:: REQUIRED WORK ::
Please reproduce the listing in its entirety, exactly as written, but without images.

:: GIVEN INFORMATION ::
((
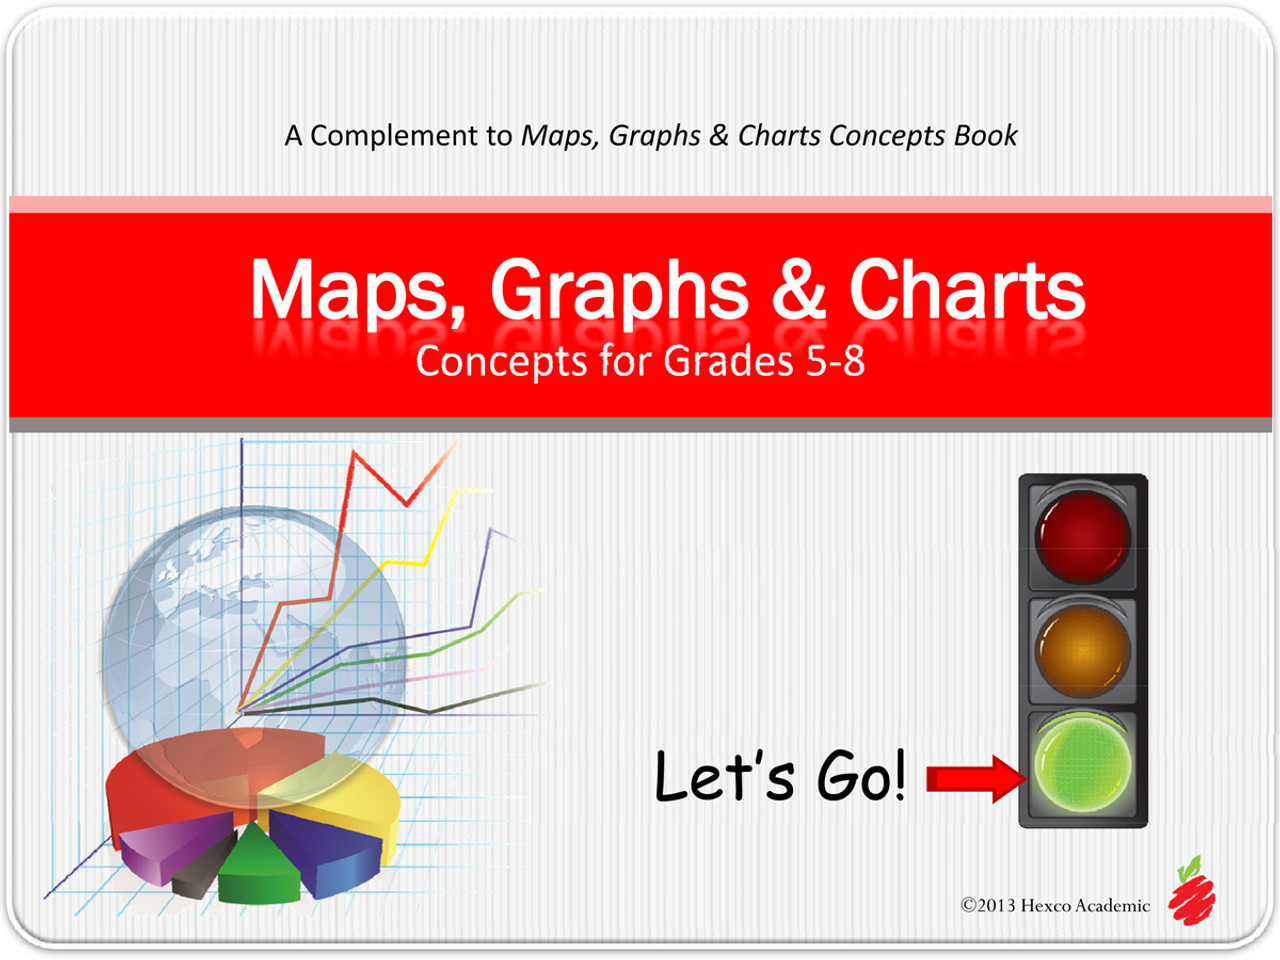 Charts Maps Graphs
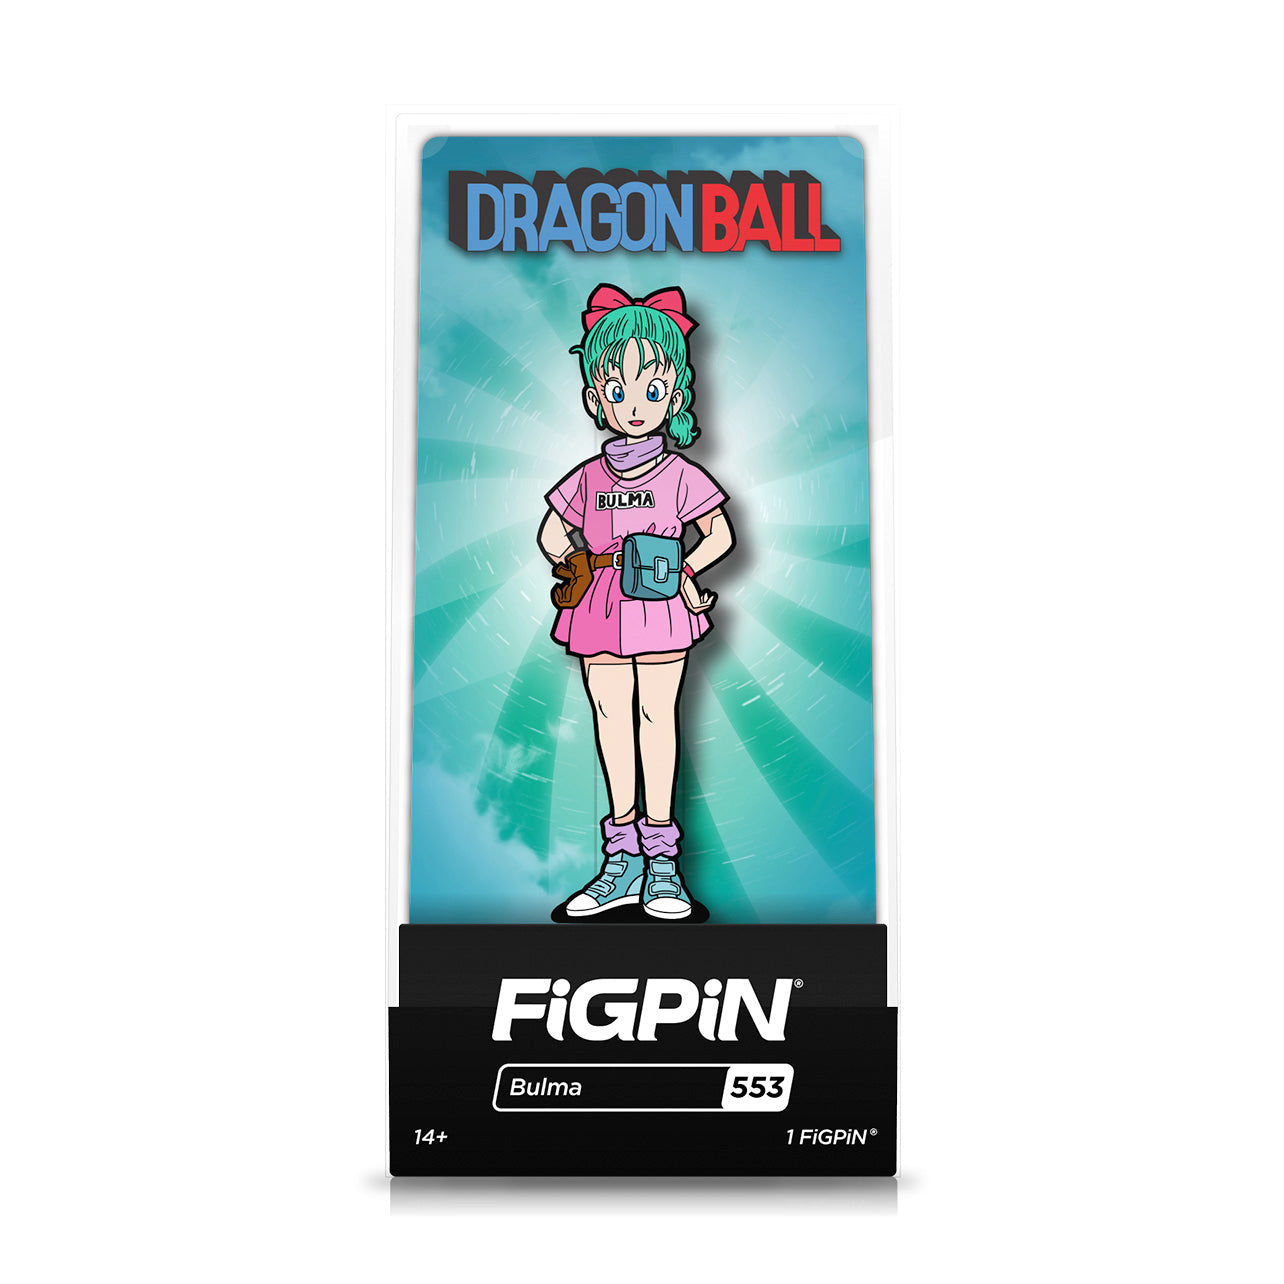 Dragon Ball - Bulma (#553) FiGPiN image count 1
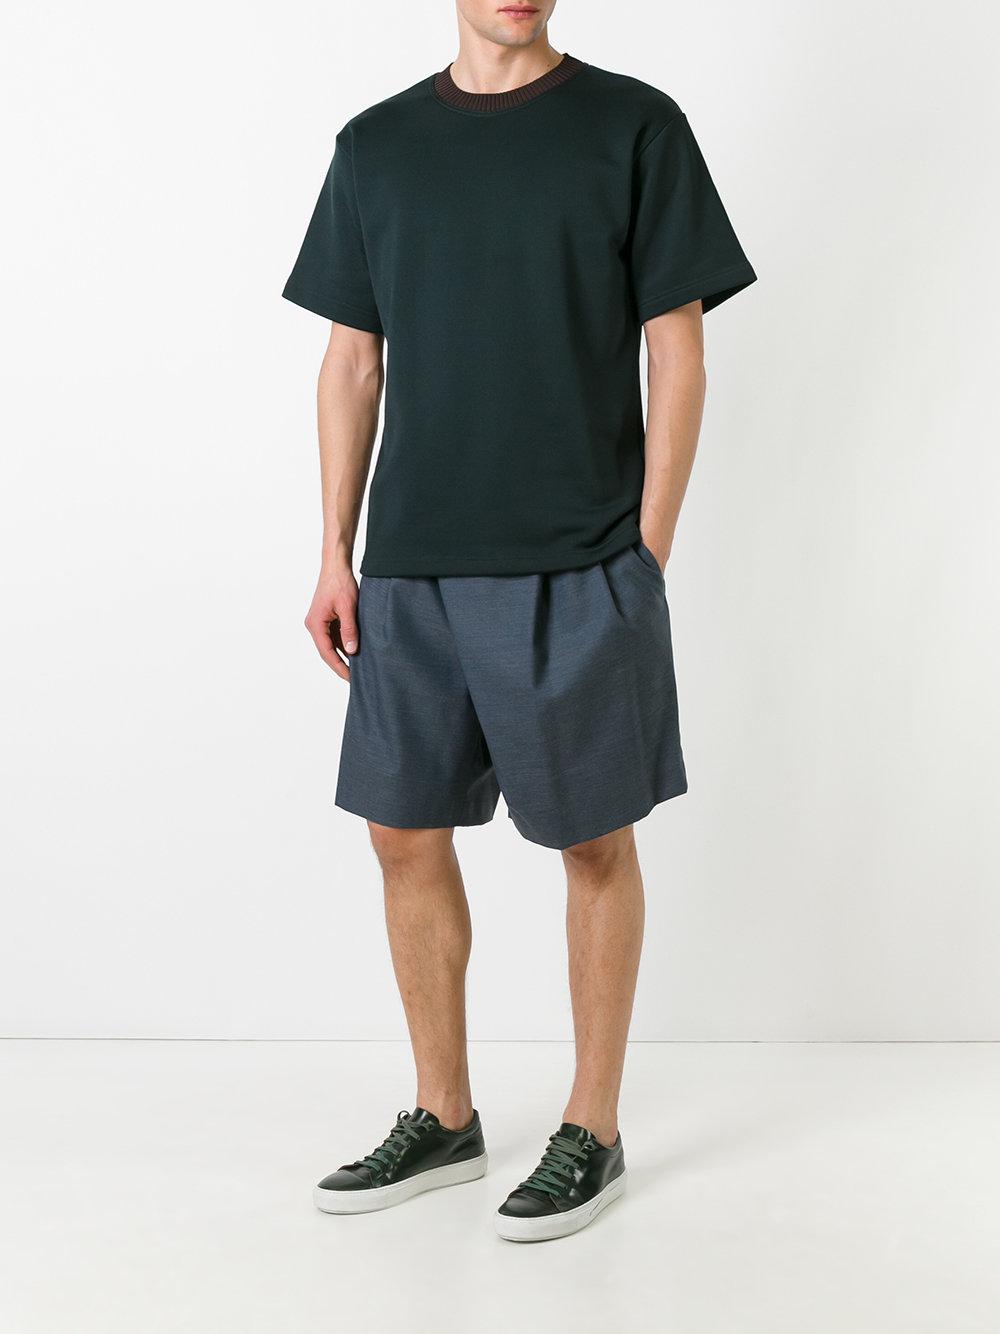 Lyst - Kolor Asymmetric Tailored Shorts in Gray for Men
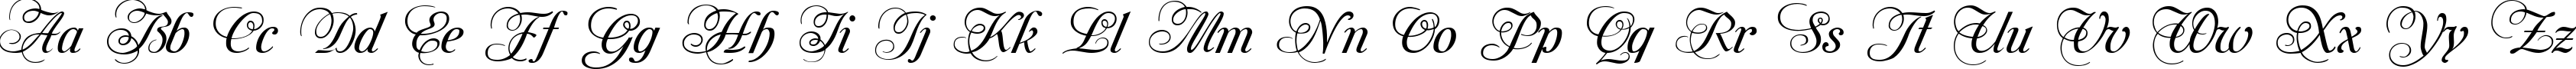 Пример написания английского алфавита шрифтом Mon Amour Two Medium
))
:: THE ANSWER ::
 Charts Maps Graphs
 Dragon Ball - Bulma (#553) FiGPiN image count 1
 Lyst - Kolor Asymmetric Tailored Shorts in Gray for Men
 Пример написания английского алфавита шрифтом Mon Amour Two Medium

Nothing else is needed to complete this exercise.